**Task prompt**
The answer is to be the lines of the material from its start through the line containing "Los mejores smartwatches", each copied exactly; no pictures.

**Given information**
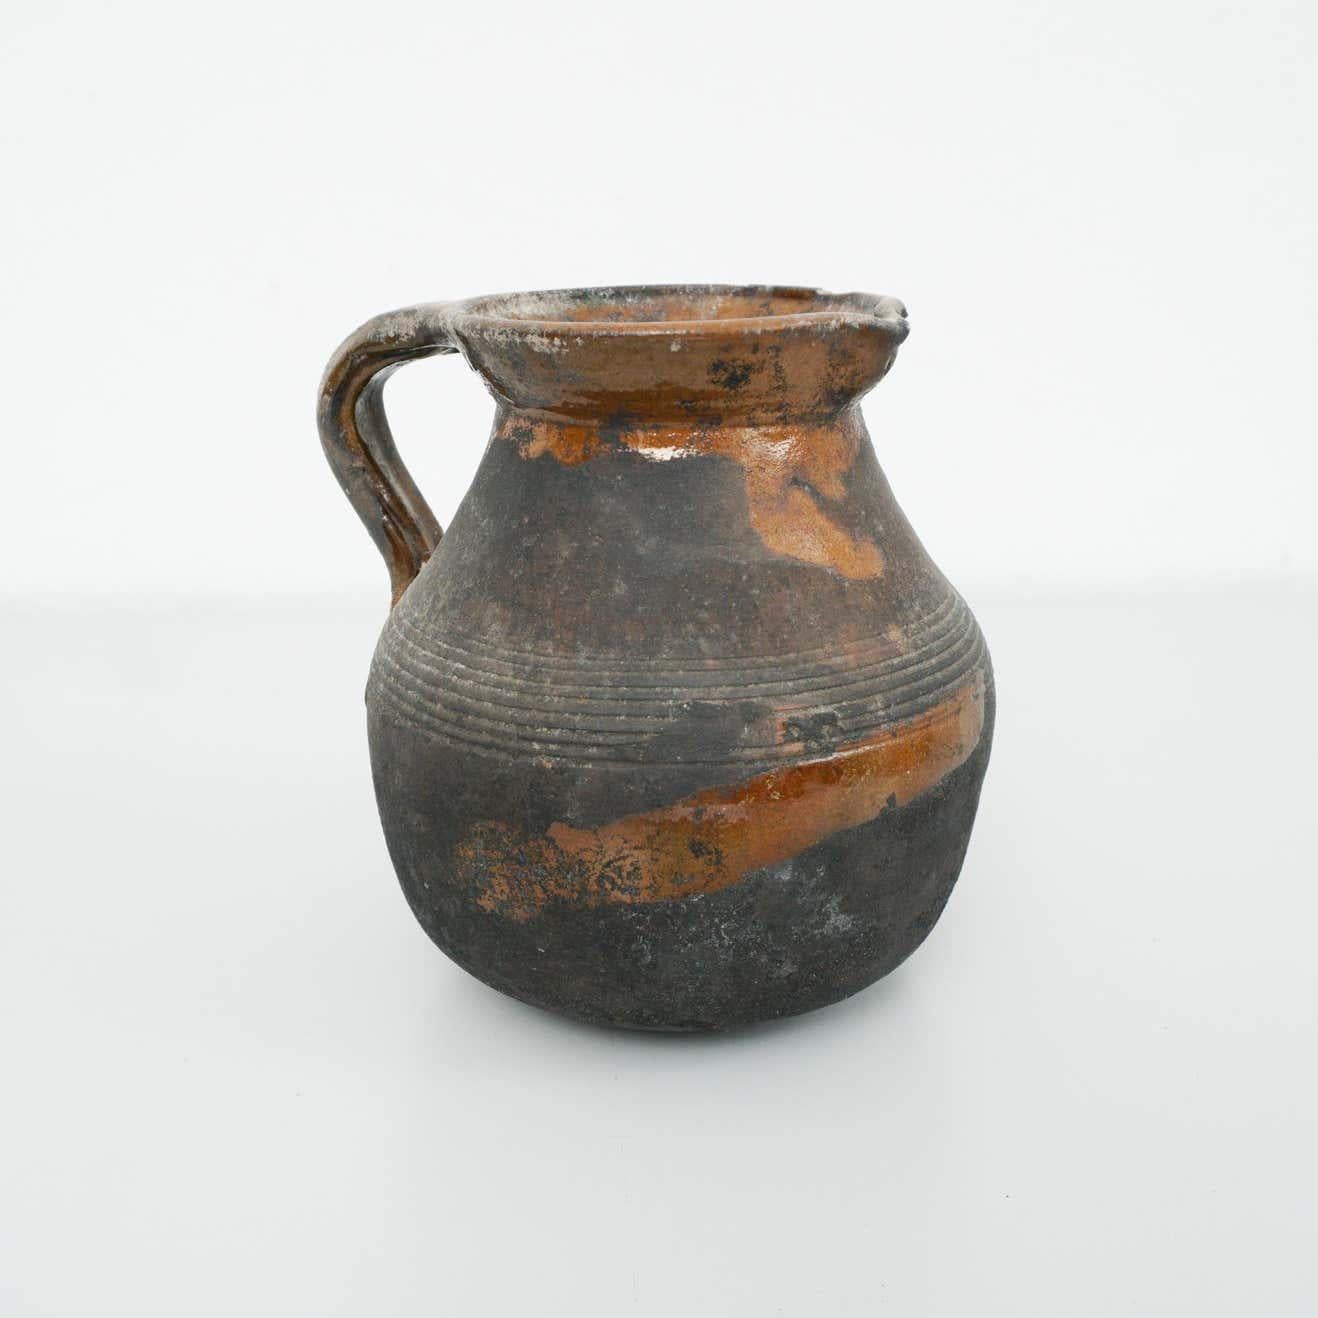 Début du 20e siècle Vase en céramique traditionnelle espagnole
Par un fabricant inconnu, Espagne.

En état d'origine avec une usure mineure liée à l'âge et à l'utilisation, préservant une belle patine.
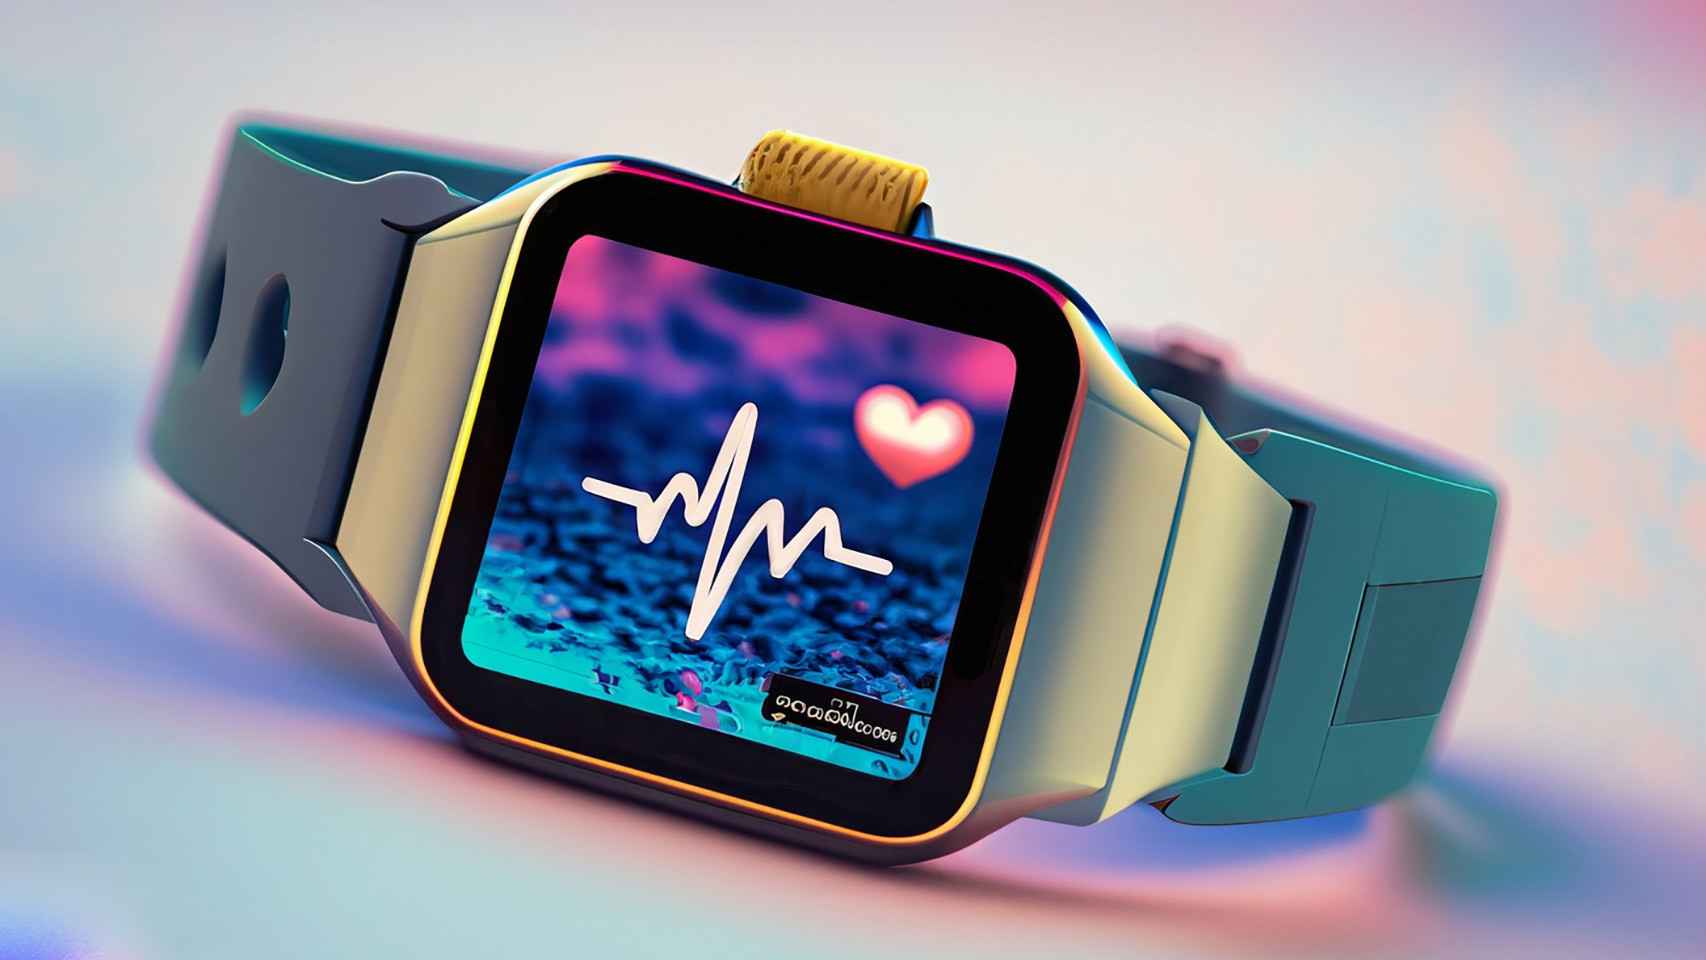 Los mejores smartwatches con lector ECG para electrocardiogramas
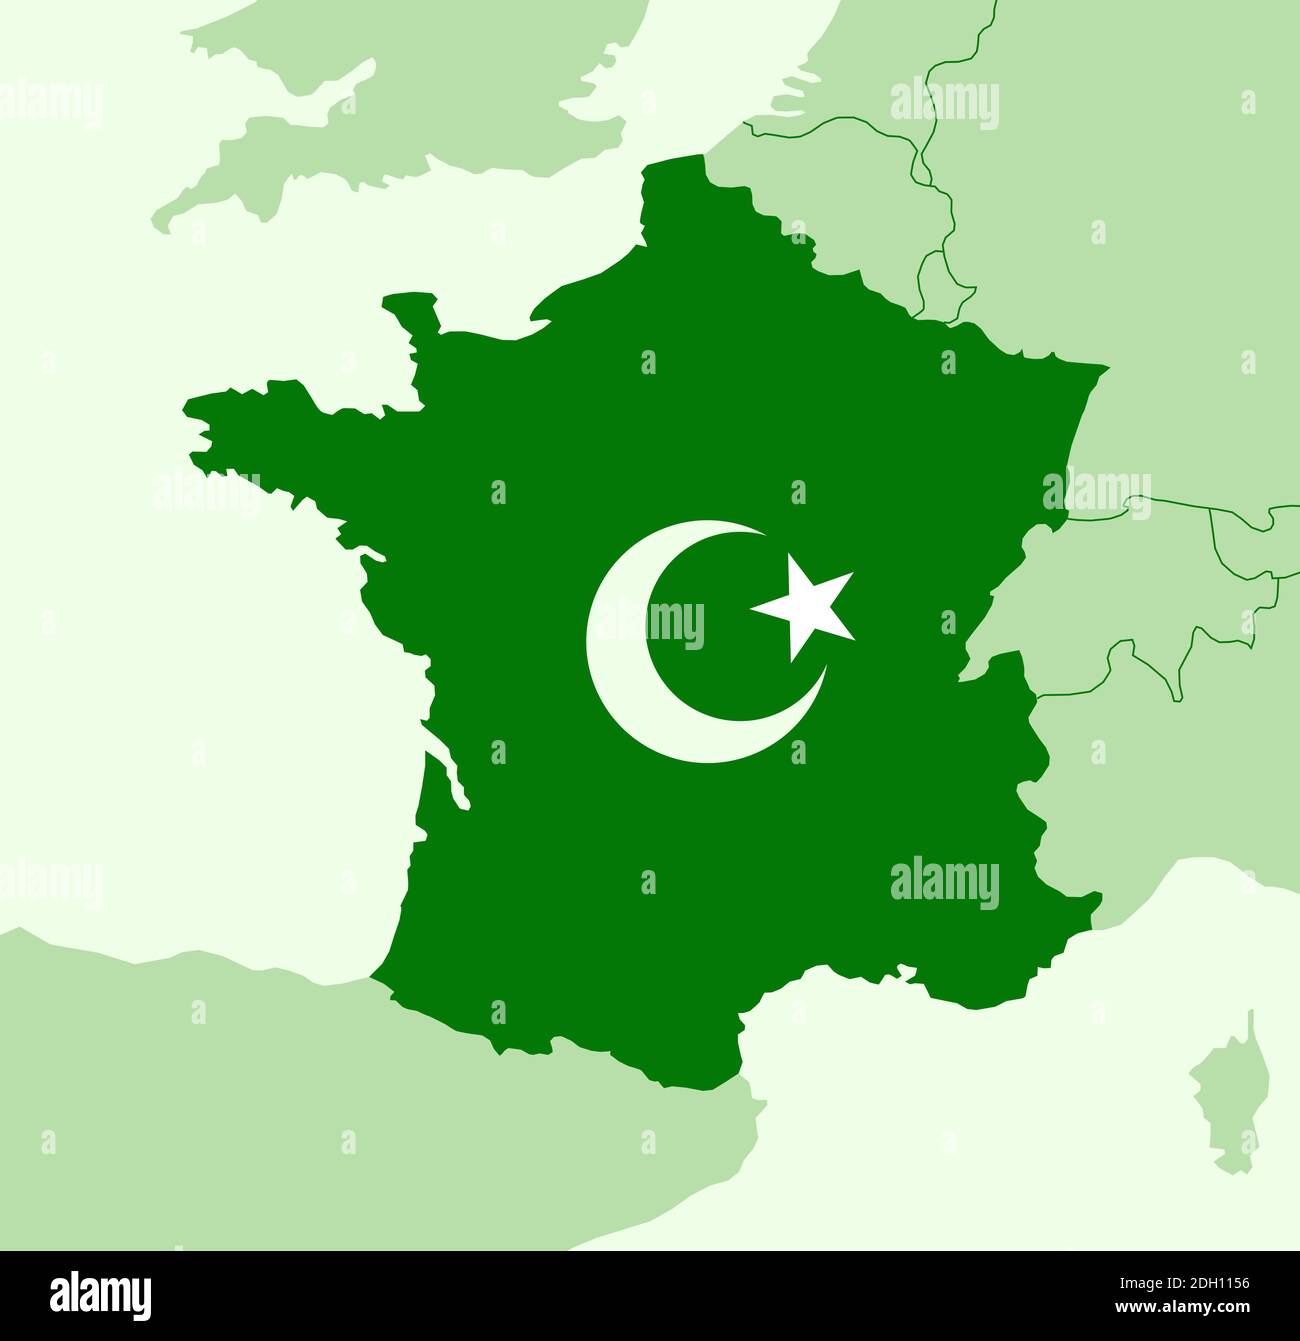 Islam e religione islamica in Francia - musulmani nel paese. Religione e credenti nello Stato europeo. Illustrazione vettoriale Foto Stock

**Task response**
 Début du 20e siècle Vase en céramique traditionnelle espagnole
Par un fabricant inconnu, Espagne.

En état d'origine avec une usure mineure liée à l'âge et à l'utilisation, préservant une belle patine.
 Los mejores smartwatches con lector ECG para electrocardiogramas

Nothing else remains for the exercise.